**EXERCISE PROMPT:**
Please restate the data that follows word for word, with the pictures left out.

╭─ INPUT

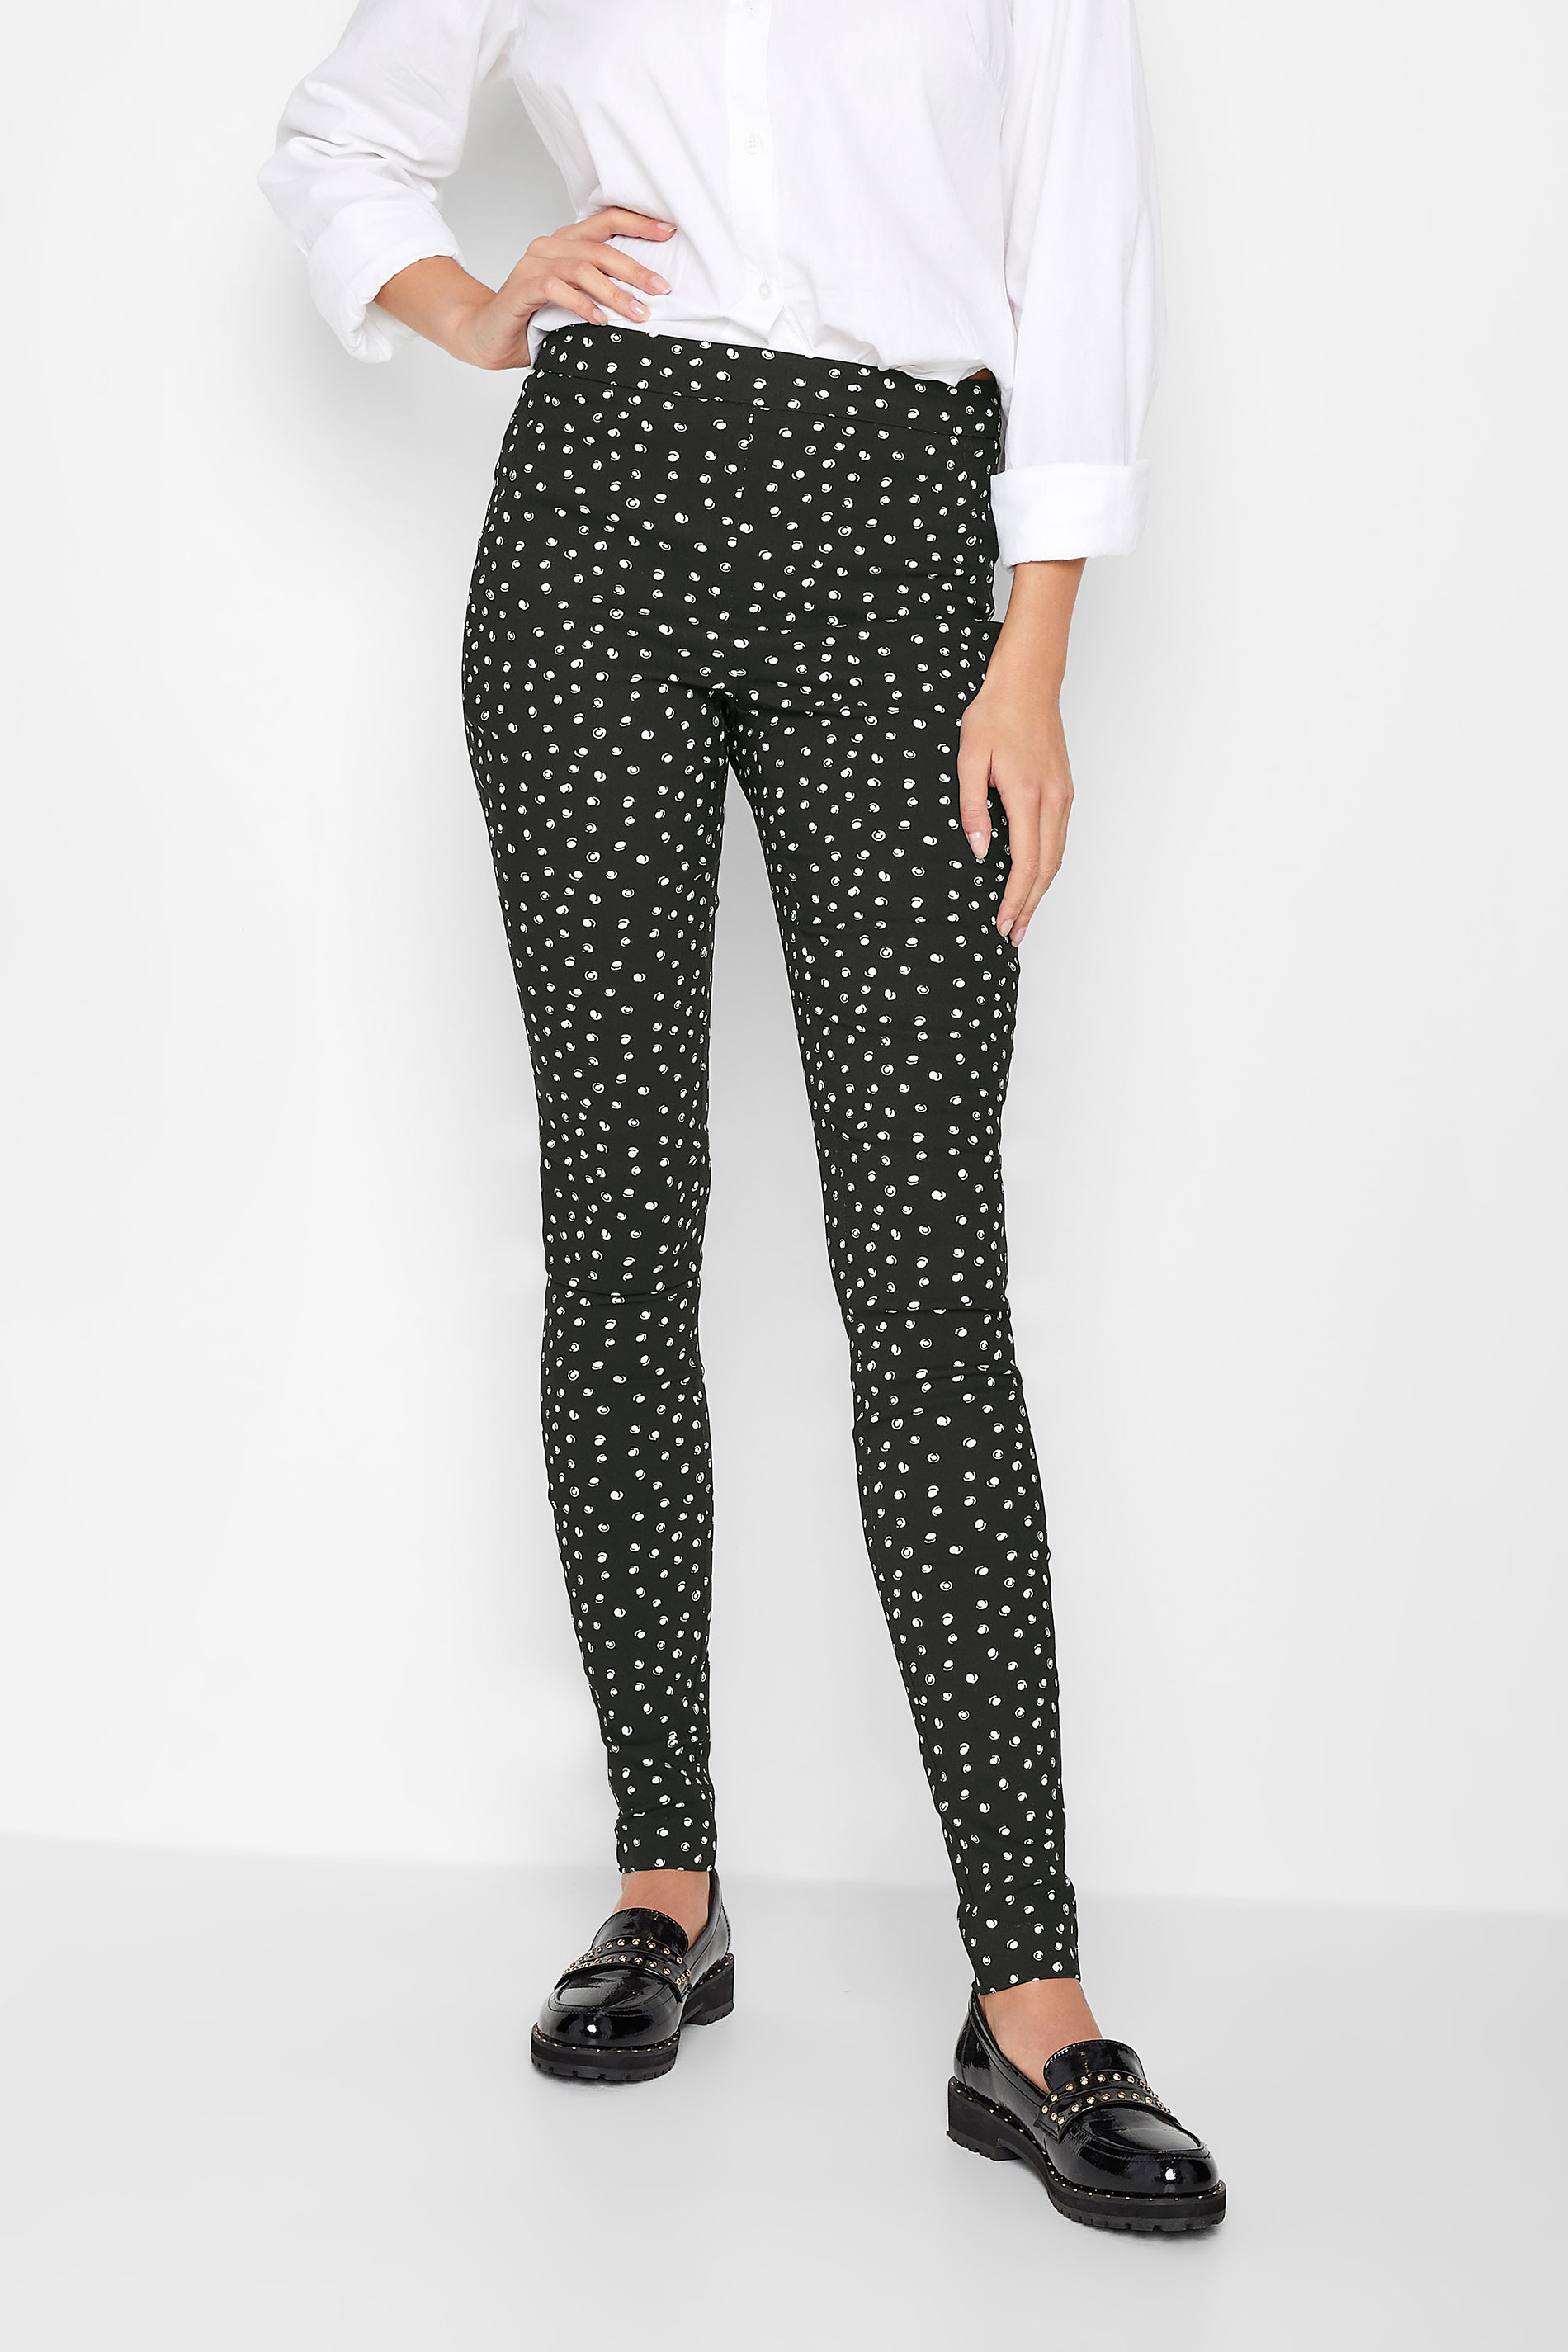 LTS Tall Women's Black Polka Dot Stretch Skinny Trousers | Long Tall Sally 1
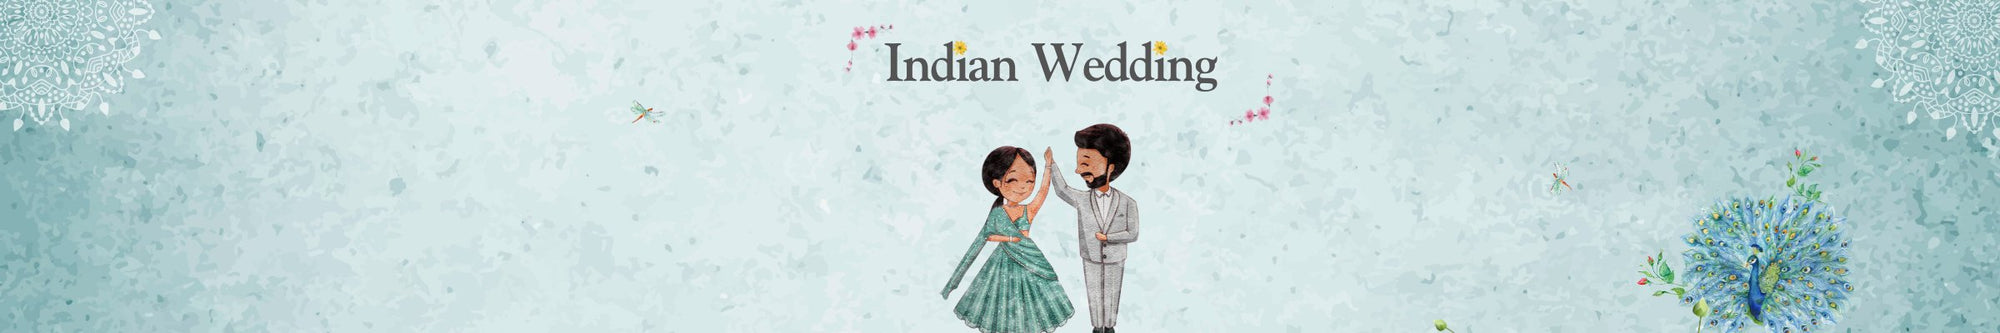 boda india
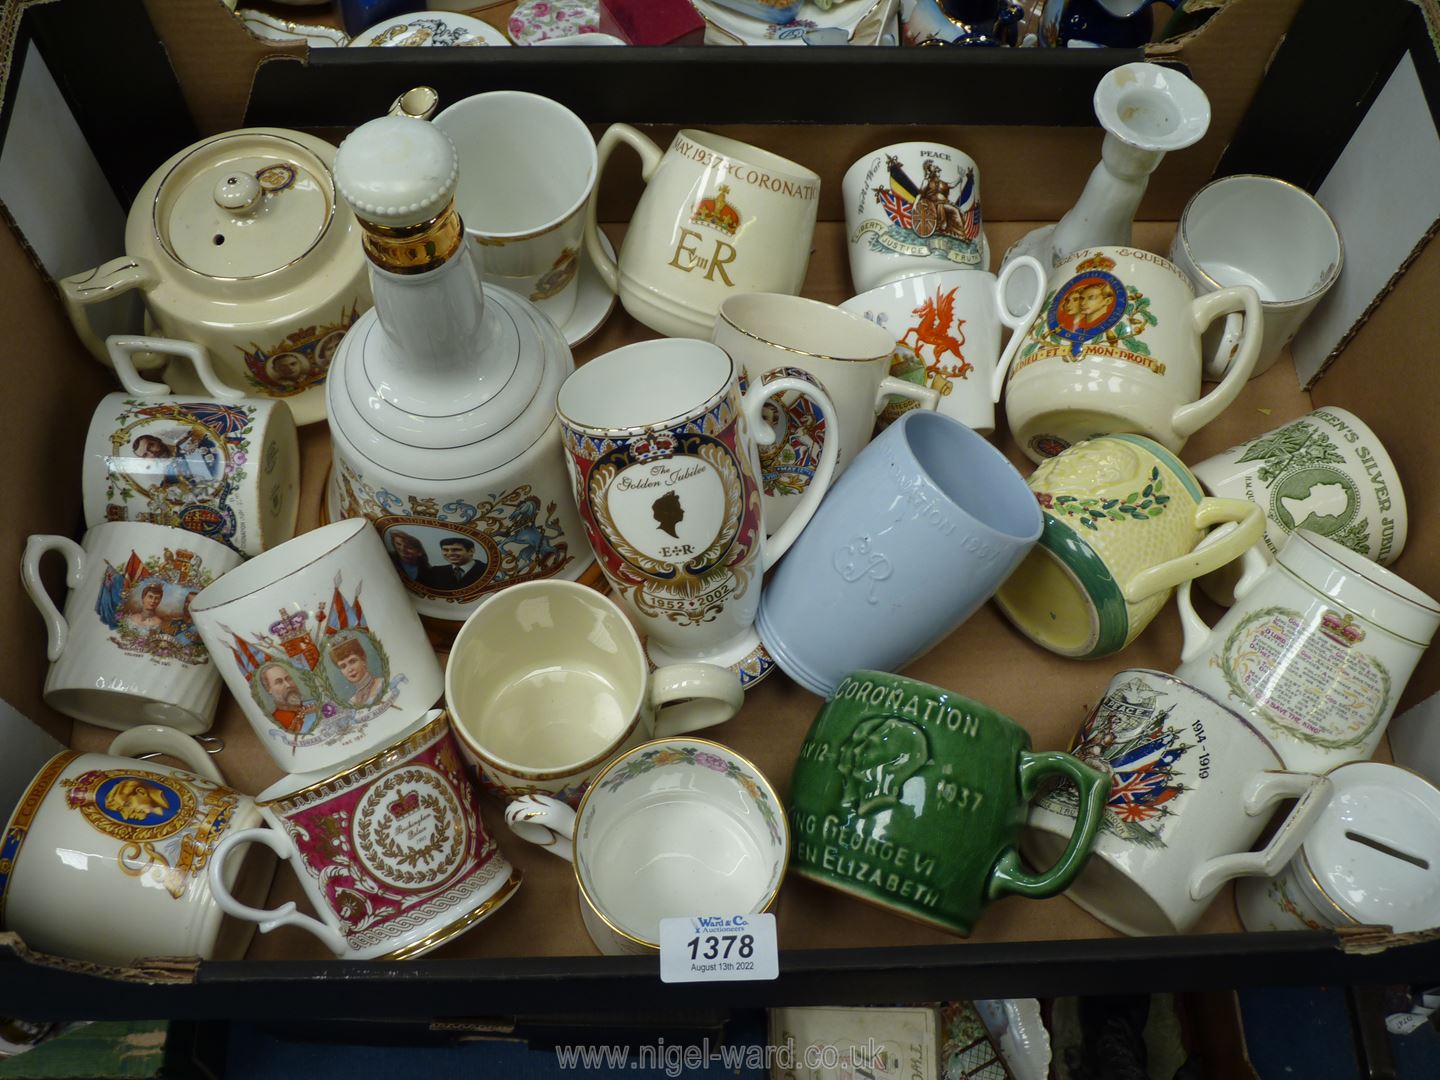 A quantity of commemorative china including a Mason's silver jubilee mug, WWI mug, Meakin mugs,
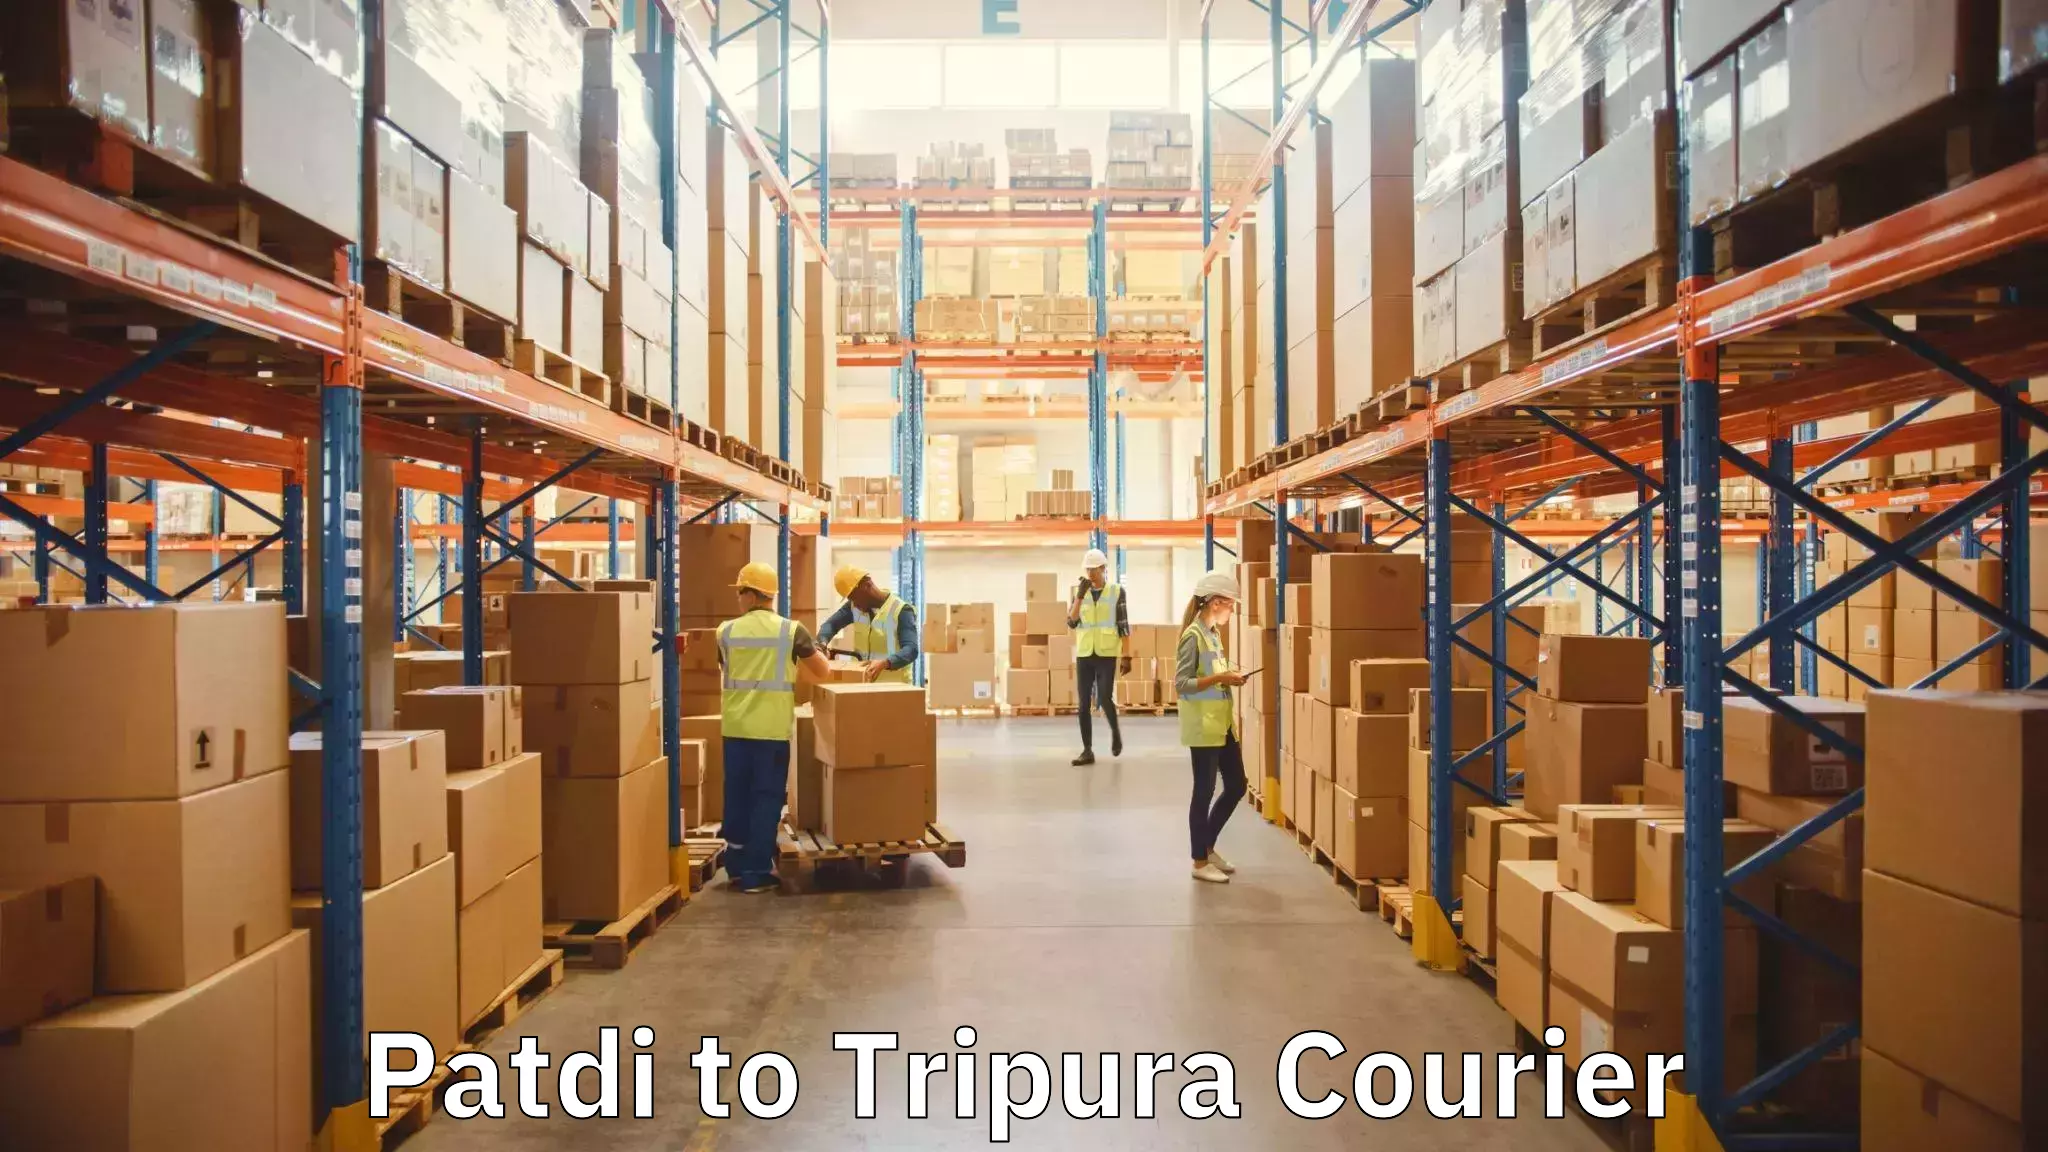 Specialized moving company Patdi to Udaipur Tripura
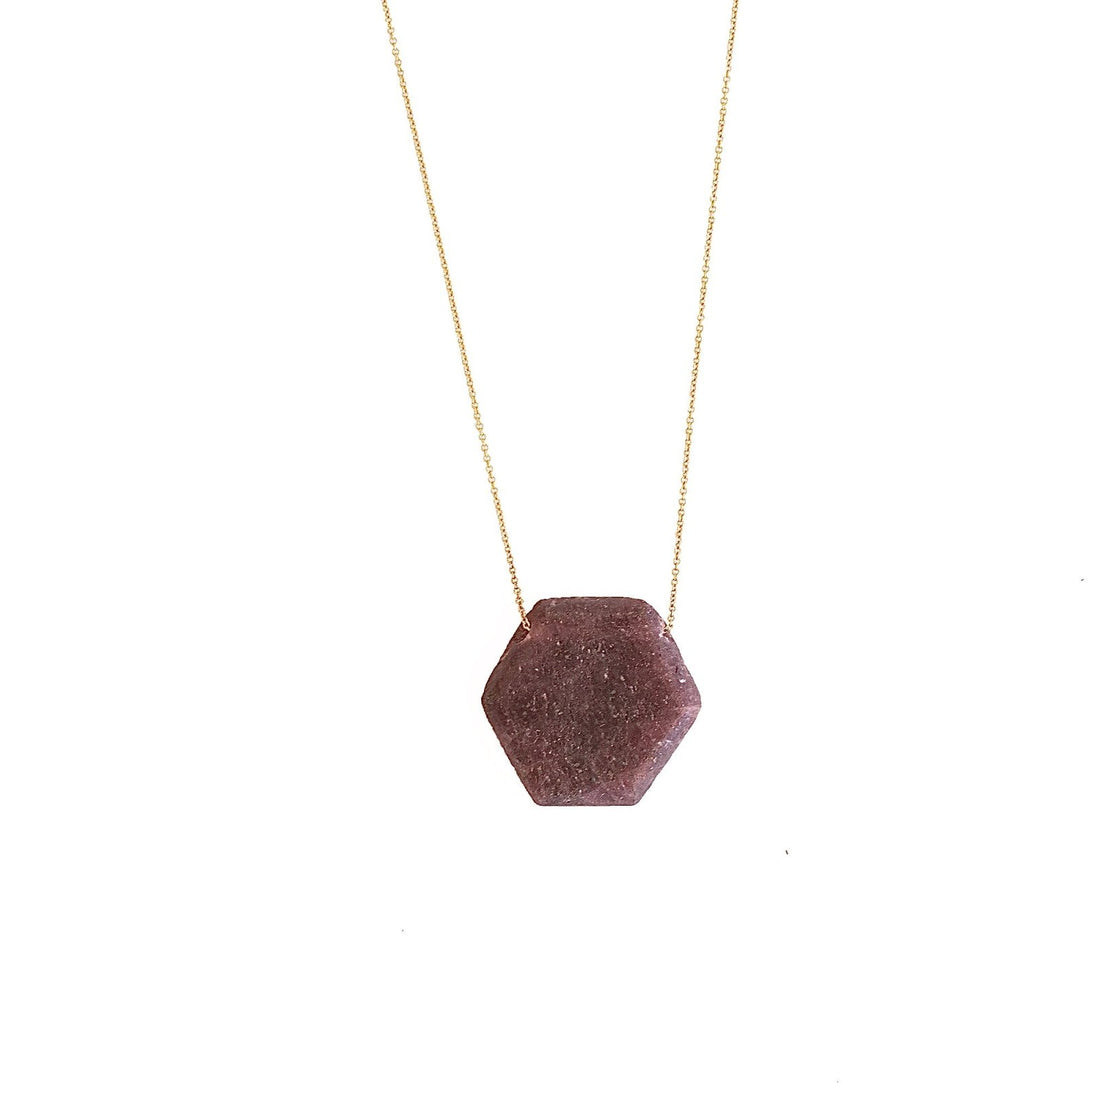 One of a Kind Ruby Necklace - Ele Keats Jewelry

╰─

**SOLUTION TO THIS TASK:**
 LTS Tall Women's Black Polka Dot Stretch Skinny Trousers | Long Tall Sally 1
 boda india
 A quantity of commemorative china including a Mason's silver jubilee mug, WWI mug, Meakin mugs,
 Specialized moving company Patdi to Udaipur Tripura
 One of a Kind Ruby Necklace - Ele Keats Jewelry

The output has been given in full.